Víctor atajó la inesperada respuesta como pudo. Y se hizo cargo en silencio. No tuvo nada más que decir. Sólo se dirigió a su casa. Estuvo varios días sin salir. No hablaba con nadie. Ni siquiera con su madre. Hasta que un sábado por la noche se ahorcó con una vieja correa que le había obsequiado su abuelo.
—¿Y quién lo descubrió, mamá? —le pregunté conmovido.
—Su propio abuelo, muy temprano. Al día siguiente.
—Y luego, ¿qué pasó?
—Su madre a los dos meses hizo lo mismo: se quitó la vida con el mismo cinto y en el mismo lugar.
—¿Y otra vez el abuelo de Víctor fue quien encontró a la mujer?
—Sí. Encontró muerta a su propia hija. En el colegio se armó un escándalo. Los padres de familia, no tuvieron ni un poquito de sensibilidad, dijeron que sus hijas estaban en manos de profesoras desequilibradas. Mandaron cartas y pidieron que a todo el profesorado lo sometieran a un test psicológico. Cosa que ocurrió: pero yo actué ante todos y oculté los problemas de la casa y también mis problemas… los psicólogos son unos ineptos, yo podría darles buenas lecciones… ¡También a los psiquiatras!, la mayoría son unos charlatanes.

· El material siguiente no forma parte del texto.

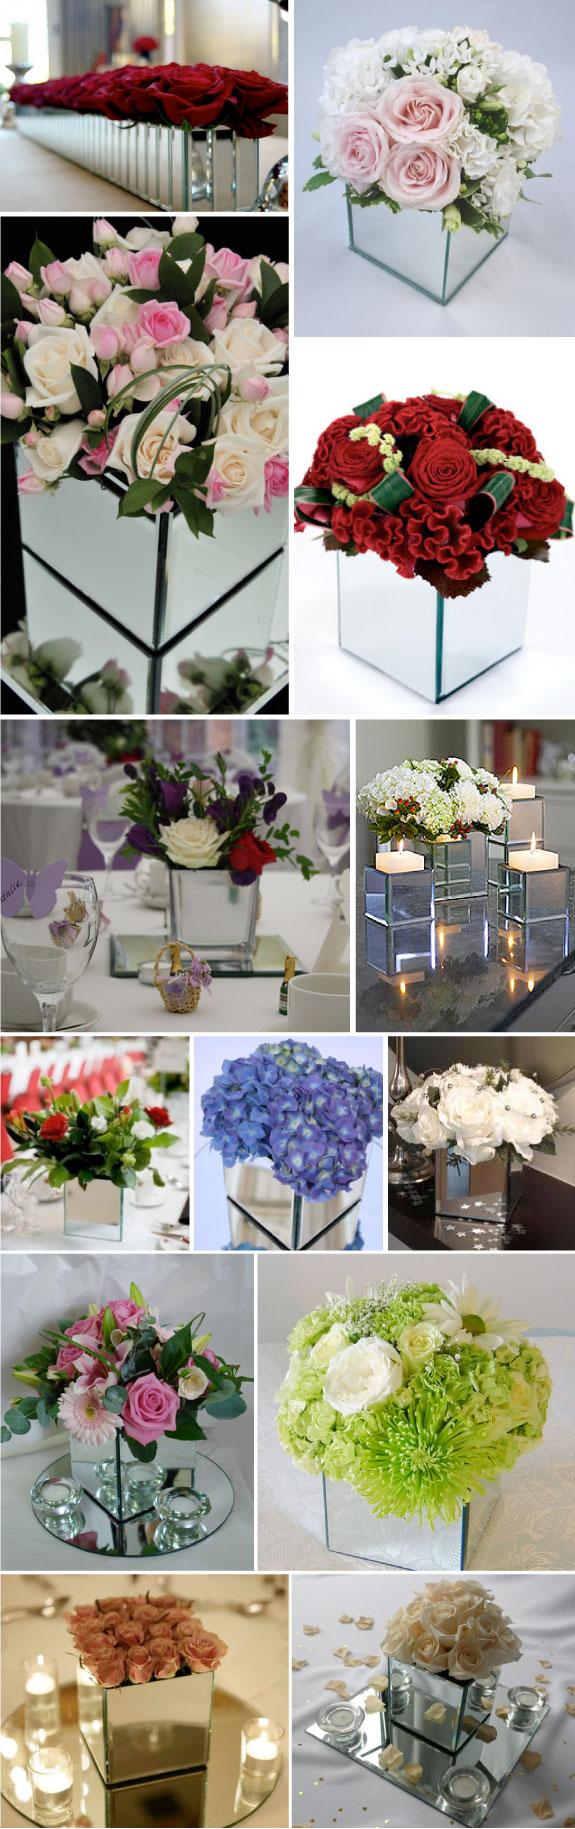 Kwiaty na stołach ślubnych, jak udekorować kwiatami stół
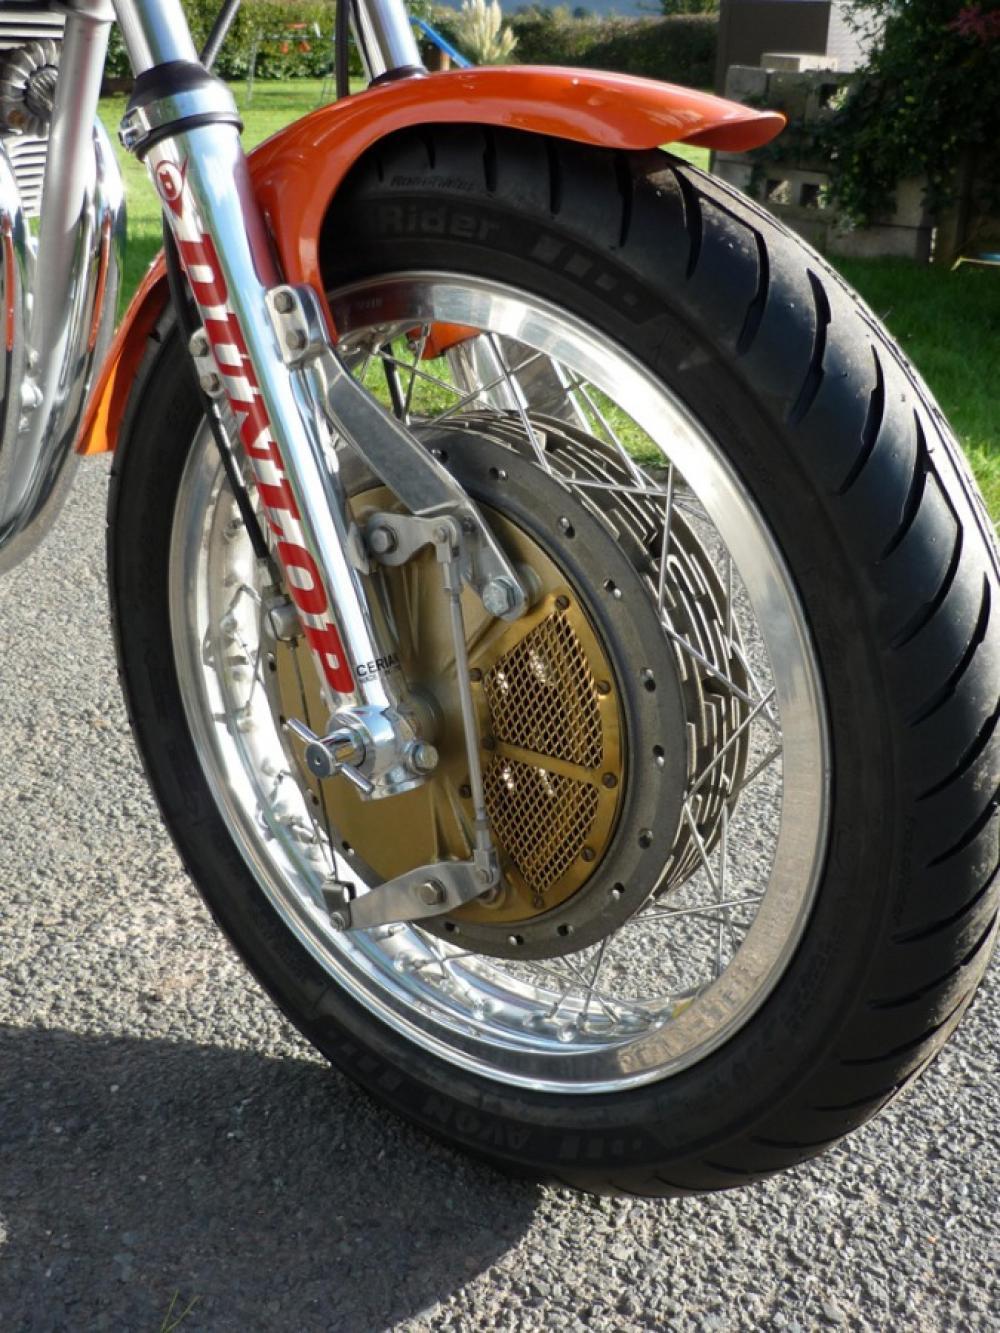 Schema Elettrico Ktm Adventure : I freni nelle moto selezione motociclismo

—¿Tú sabes por qué se mata la gente, mamá?
—No puedo entenderlo. Son cosas que prefiero no explicarme. Tampoco pude terminar de entender la esquizofrenia de mi hermano Julián. Hay cosas que prefiero no comprender…
—¿Para vivir más tranquila?
—Algo así.
—¿Pero nunca se te pasó por la cabeza la idea de matarte?
—Sólo una vez —lo reconoce algo avergonzada.
—¿Cuándo?
—No quiero darte ideas.
—¿Para matarme?
—No, hijo —repone ella—. Para escribir.
—Yo no me voy a matar nunca, mamá —le digo como para tranquilizarla.
—Me he acordado de todo esto que ocurrió cuando todavía trabajaba en el colegio, hace más de quince años, porque, ¡mira cómo es la vida, hijo!: la chica que despreció a Víctor por tener granos se ha muerto la semana pasada… me dicen que nunca se quiso vacunar, tenía miedo que le pusieran un chip y esas tonterías…
—Entonces, ¿fue covid?
—Creo que no porque llegaron a velarla. No lo sé. Pero era menor que tú, hijo. Tenía menos de cuarenta años. ¿Qué terrible, no? Tan joven, tenía dos niñas.
—¿Y cómo se llamaba ella?
—No te lo voy a decir. Lo único que no entiendo es cómo el abuelo de Víctor fue al velorio. Yo no hubiera podido, quizá odiaría a esa mujer.
—Dime su nombre.
—No. Te puedes poner a escribir sobre ella…
—No, mamá.
—Yo te conozco, hijo.
—Pero no lo suficiente, mamá.
Me imagino al afligido abuelo de Víctor yendo al velorio de la mujer que desencadenó dos suicidios (el de su nieto y el de su propia hija). Y me imagino también mi propio velorio. ¿Quién se acordará de mí?
—¿Te imaginas tu propio velorio, mamá?
—No.
—¿Podrías hacerlo? ¡Imagínatelo!
—No quiero. Ya olvídate de lo que te acabo de contar y deja en paz a los muertos porque pueden venir a visitarte.
—Esas son tonterías.
—Ten cuidado, hijo. Yo sé lo que te digo.
—Entonces ya no me digas nada.
—El abuelo de Víctor se puso la correa, esa correa, para ir al velorio de esa mujer.
—¿Y por qué haría eso?
—No lo sé, hijo.
—Es tan extraño todo esto que me cuentas.
—Ya es tarde. Mejor anda a dormir.
—Buenas noches, mamá.
Pero no fue una buena noche, lamentablemente. Durante la madrugada, como en una pesadilla descomunal y siniestra, asomará (repleta de pústulas horrorosas) la cara de Víctor para decirte: “aprende a respetar a los muertos”.
Antes de despertar, bañado en sudor, pudiste reconocer el cinto en sus manos. La terrible y temible correa de su abuelo: el arma de los suicidas.